Identification and confirmation of SUMOylation-modified proteins in Giardia trophozoites

Article information

Parasites Hosts Dis. 2025;63(3):264-271

Publication date (electronic) : 2025 August 20

doi : https://doi.org/10.3347/PHD.25023

Hye Rim Yeo

, Mee Young Shin

, Juri Kim

, Soon-Jung Park

Department of Tropical Medicine, Institute of Tropical Medicine, Yonsei University College of Medicine, Seoul 03722, Korea

^*Correspondence: jk, zhuri@yuhs.ac, sjp, sjpark615@yuhs.ac

Received 2025 May 31; Accepted 2025 June 13.

Abstract

Posttranslational modification by the small ubiquitin-related modifier (SUMO) is one of the crucial cellular processes in Giardia lamblia, a protozoan pathogen. In this study, 5 candidate SUMO substrate proteins of G. lamblia trophozoites were chosen based on their enrichment through affinity chromatography using a SUMO-interaction motif: never in mitosis A-related kinase (NEK), aminoacyl-histidine dipeptidase (AHD), protein disulfide isomerase 2 (PDI2), alcohol dehydrogenase 3, and ornithine carbamoyltransferase. Transgenic Giardia trophozoites expressing 1 of the 5 candidate SUMO substrate proteins were constructed, and their expression was confirmed by western blot using hemagglutinin-tag. Arginine deiminase (ADI) protein was expressed in Giardia trophozoites as a positive control.

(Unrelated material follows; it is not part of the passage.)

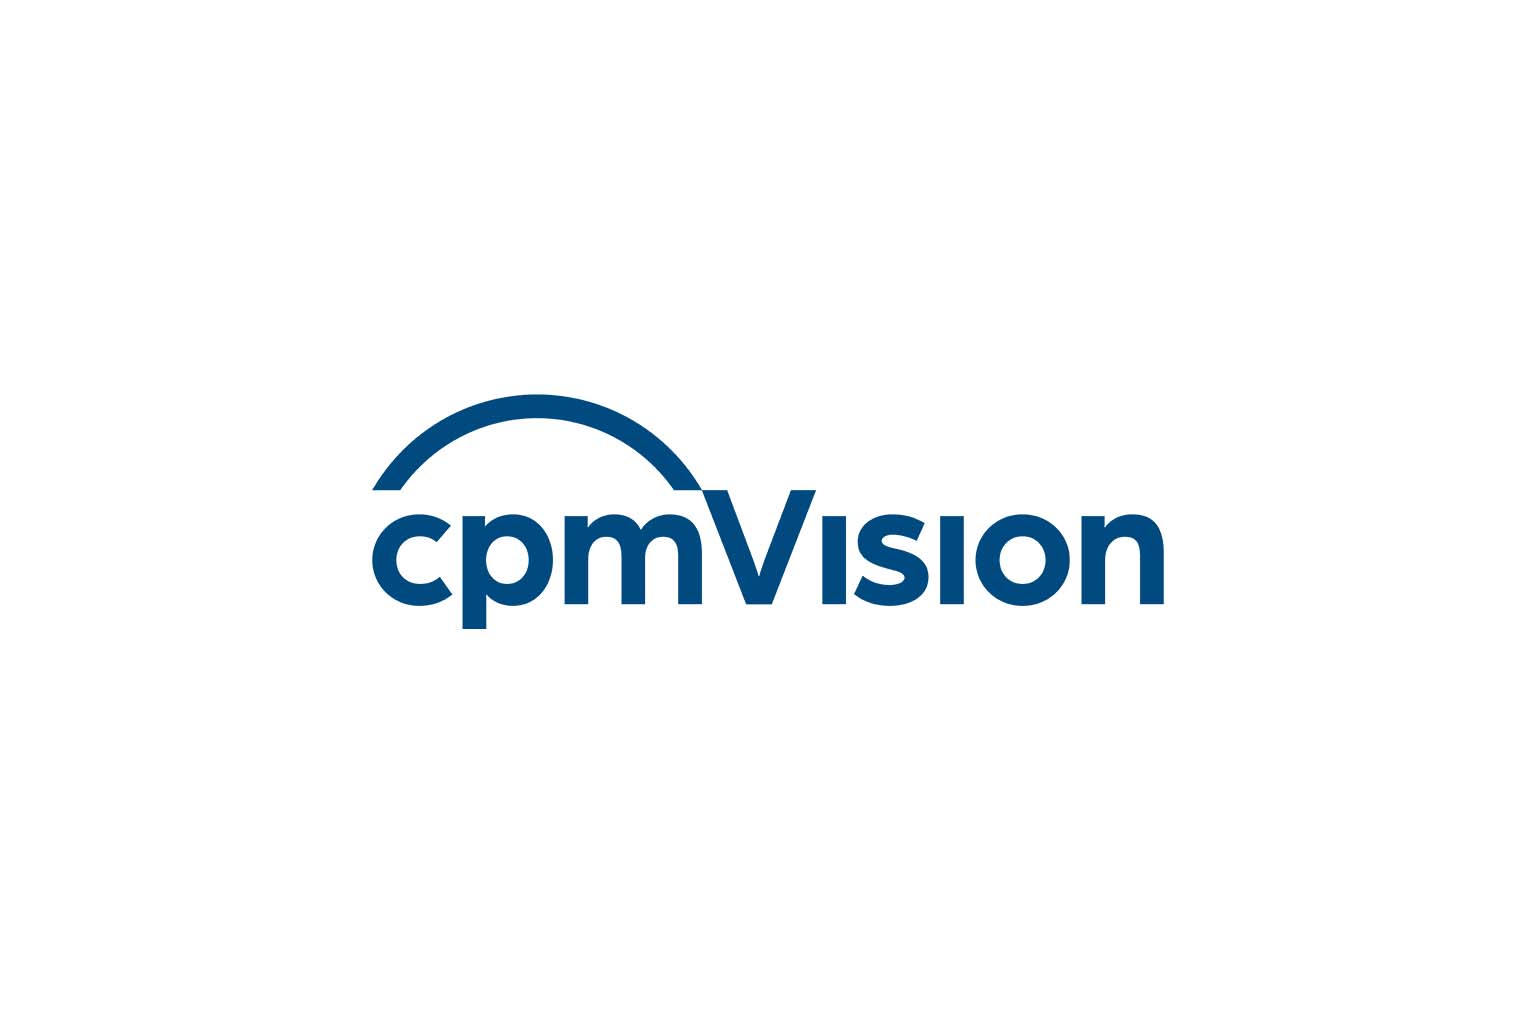 cpm vision logo

Cell extracts were processed for affinity chromatography using SUMO-interaction motif resin. As expected, the SUMOylated form of ADI was detected in the affinity chromatography extracts of ADI-expressing cells. Among the 5 candidate proteins, SUMOylated forms of NEK, AHD, and PDI2 were identified in the affinity chromatography extracts. These results suggest that NEK, AHD, and PDI2 activity is modulated via SUMOylation in Giardia trophozoites.

Keywords: Giardia lamblia; SUMOylation; posttranslational modification

The posttranslational modification (PTM) of proteins is a dynamic process that efficiently modulates cellular response to various stimuli in eukaryotes. Ubiquitination is one of the main PTMs involved in controlling proteasome-mediated degradation of various proteins, such as cell cycle-related components, and coordinating the localization and activity of diverse proteins. As an alternative mode of ubiquitination, the covalent and reversible attachment of small ubiquitin-like modifier (SUMO) to lysine residues of target proteins regulates cellular functions such as nuclear-cytoplasmic transfer, DNA repair, cell cycle regulation, and transcriptional regulation [1].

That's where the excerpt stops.